Clayton: I dropped a hair dryer on my leg once and it burned.
Cheslock: I have a piece of graphite in my leg for accidentally stabbing myself with a pencil in the first grade.
Violet: I was taking a cup of noodles out of the microwave and spilled it in my hand and I got a really bad burn.

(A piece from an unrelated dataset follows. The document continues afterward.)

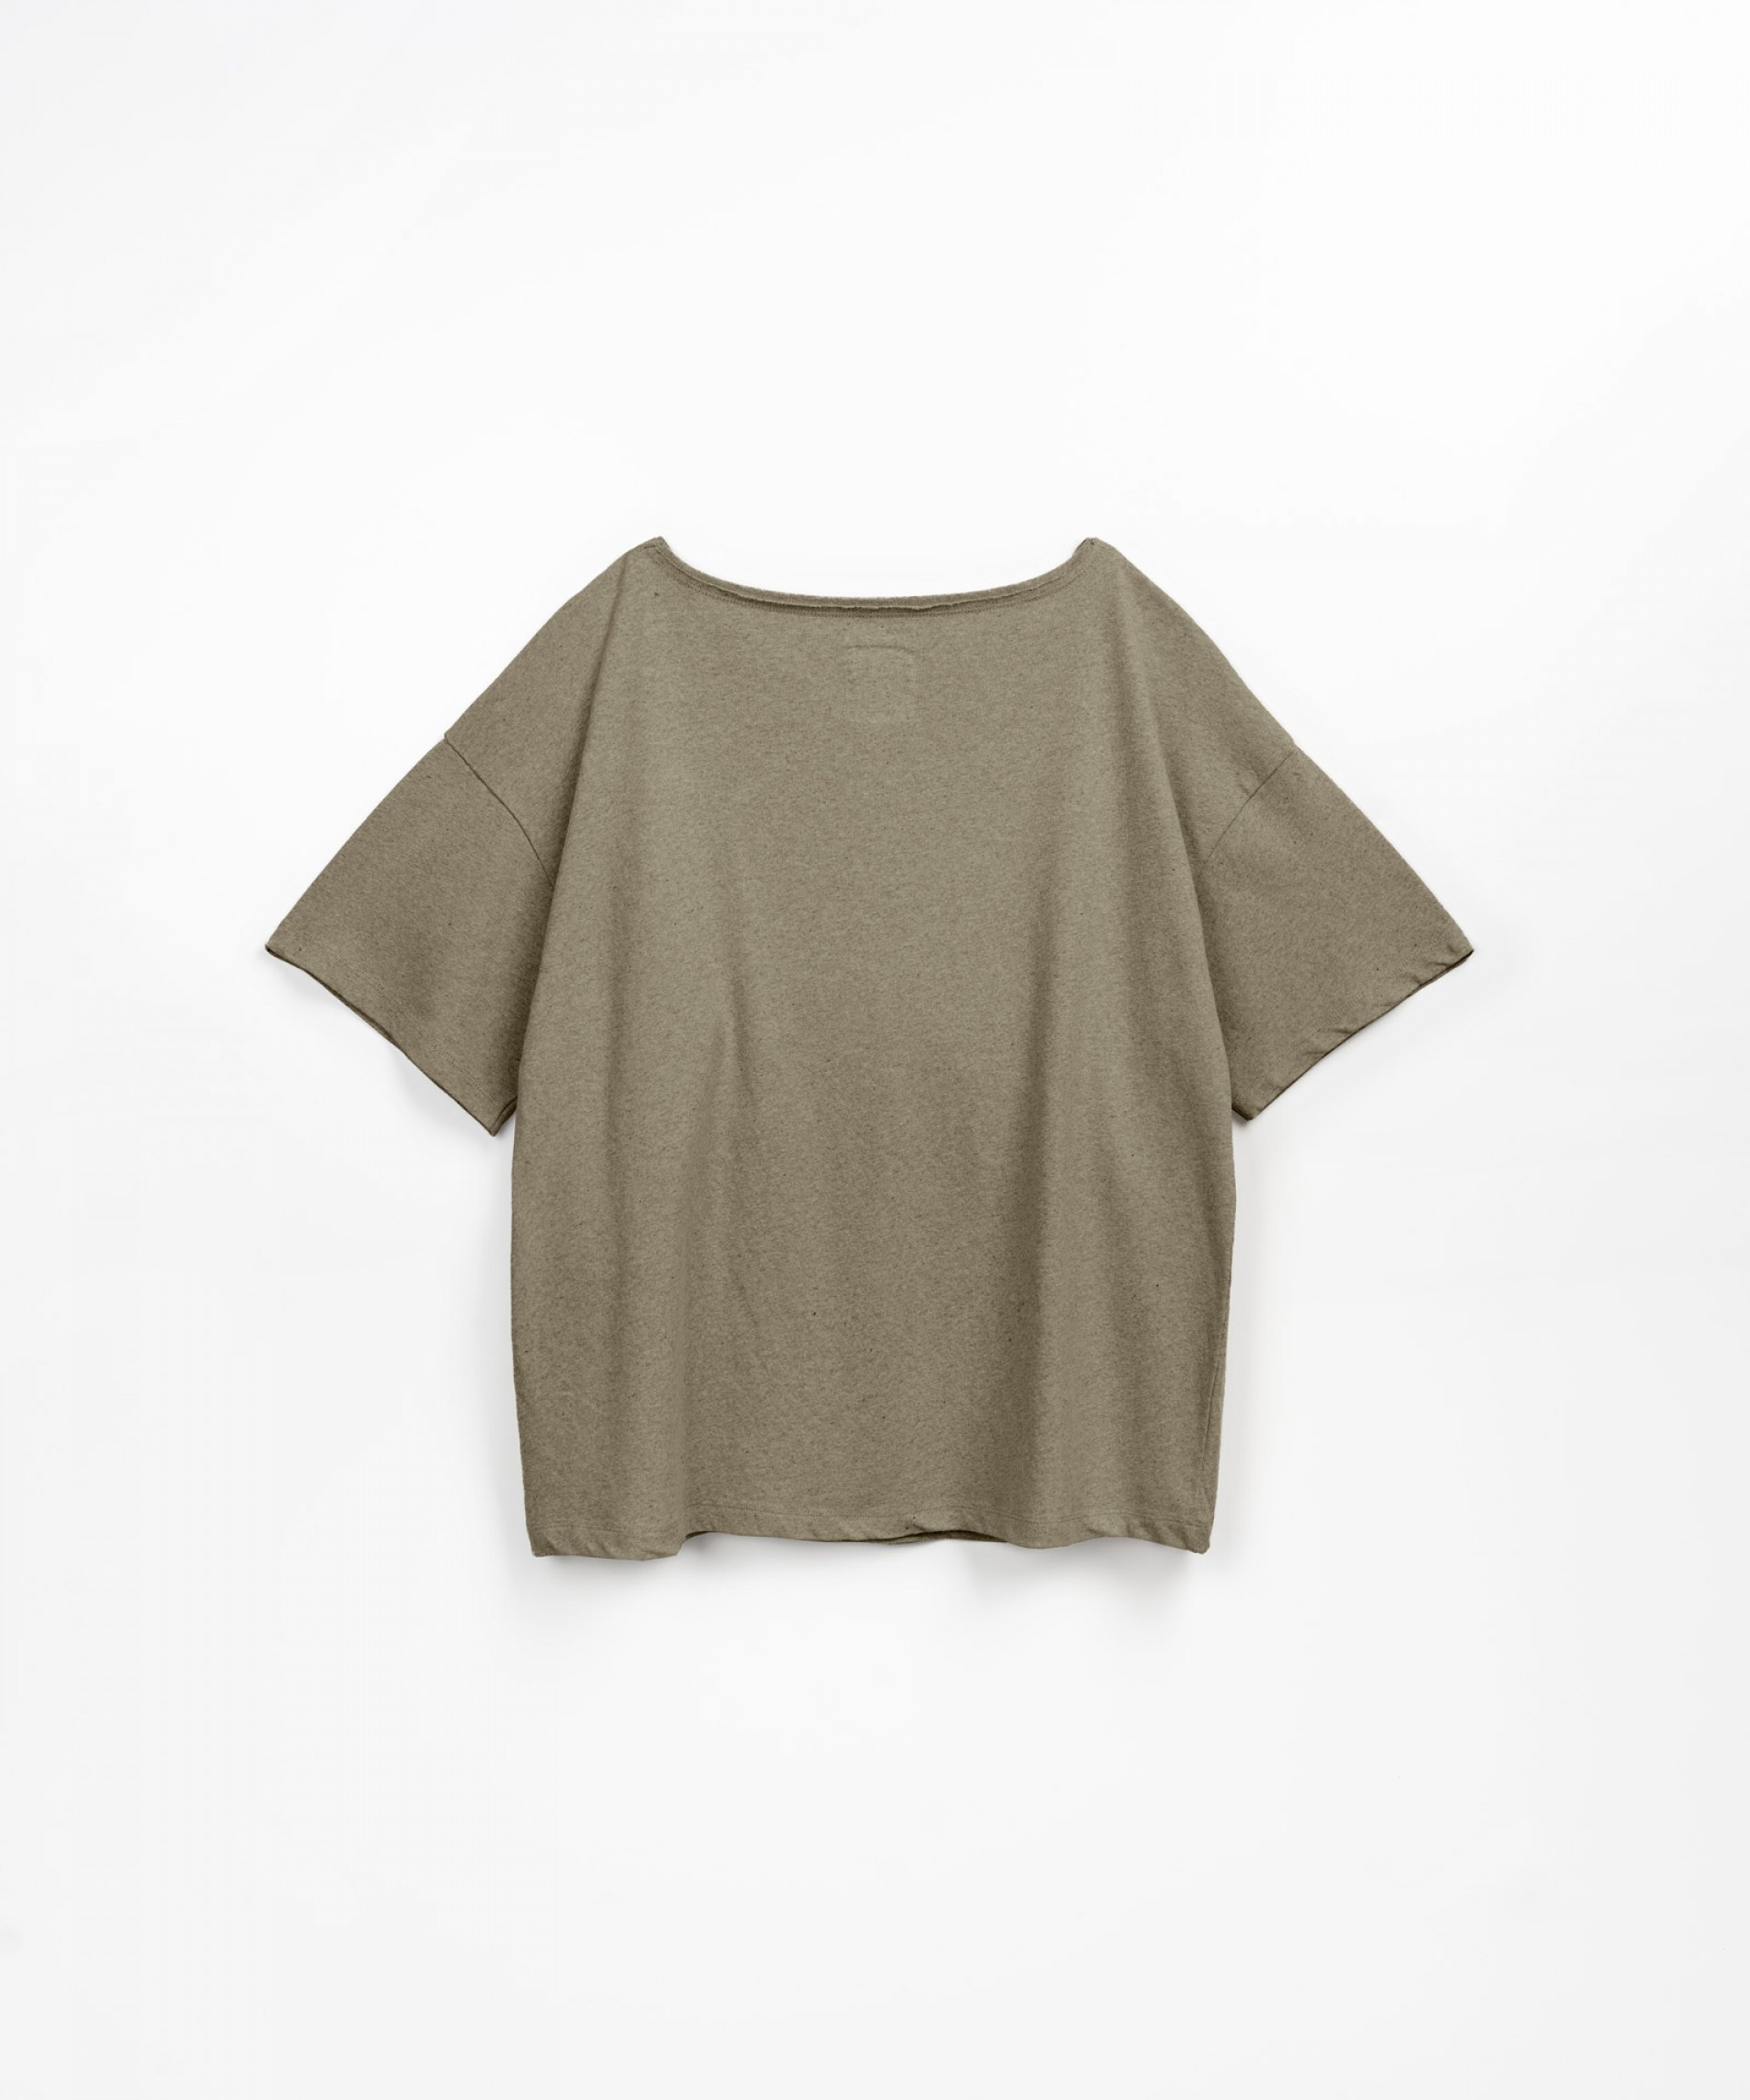 Jersey-stitch T-shirt with neckline detail | Textile Art
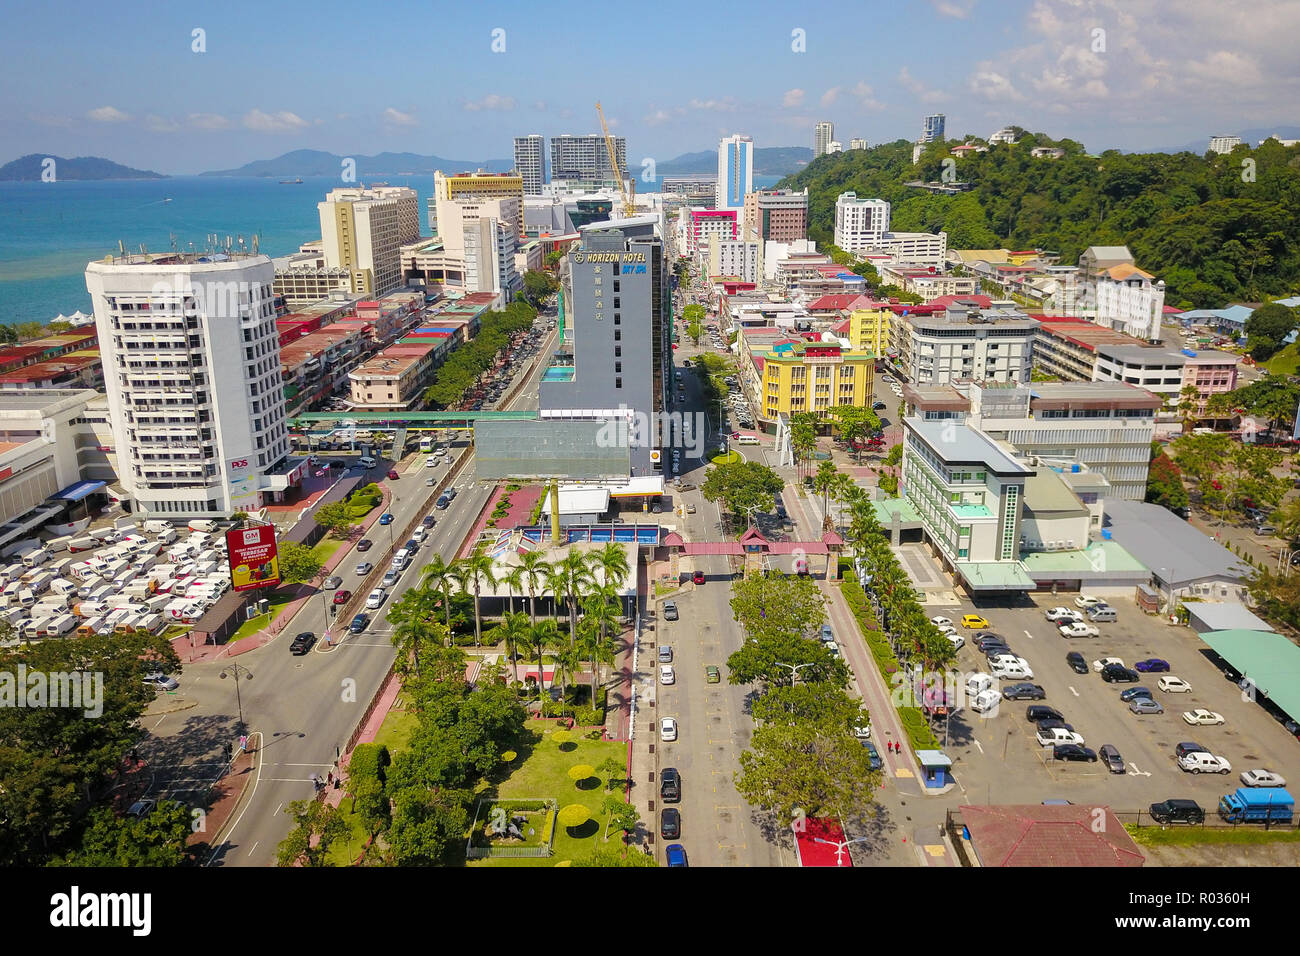 Kota Kinabalu Sabah Malaysia - Oct 16, 2018 : Partial view of Kota

Edgar: I have emotional scars.
*Squad reactions to being told "I love you"*
Lawrence: oh no
Edgar: thanks fam!
Herman: * cries * I love you too
Violet: Sounds fake but okay
Clayton: * A flustered mess*
Cheslock: can i get a refund?
Lawrence, rubbing his temples: I am not proud of what I am about to say, but someone get me a cigarrette.
Clayton: But Lawrence, we don't smoke.
Lawrence: Cut the crap, Clayton. I'm not an idiot. I know that one in five people smoke.
Lawrence: *points at Cheslock* One! *points at Edgar* Two! *points at Herman* Three! *points at Violet* Four! *points at Clayton* Five!
Lawrence: Now, I am going to close my eyes, and when I open them, there better be a cigarrette between these two fingers!
Violet: *puts a cigarrette in Lawrence's hand*
Lawrence: Thank you. ...Light?
The Squad: *all simultaneously pull out lighters*
Lawrence: Edgar... How do I begin to explain Edgar?
Herman: Edgar is flawless.
Violet: I hear his hair's insured for $10,000.
Clayton: I hear he do car commercials... in Japan.
Cheslock: One time they punched me in the face...it was awesome.
Lawrence, walking into their house: Hello, people who do not live here.
Edgar: Hey.
Herman: Hi.
Violet: Hello.
Clayton: Hey!
Lawrence: I gave you the key to my place for emergencies only!
Cheslock: We were out of Doritos. And it is an emergency that we out of Doritos.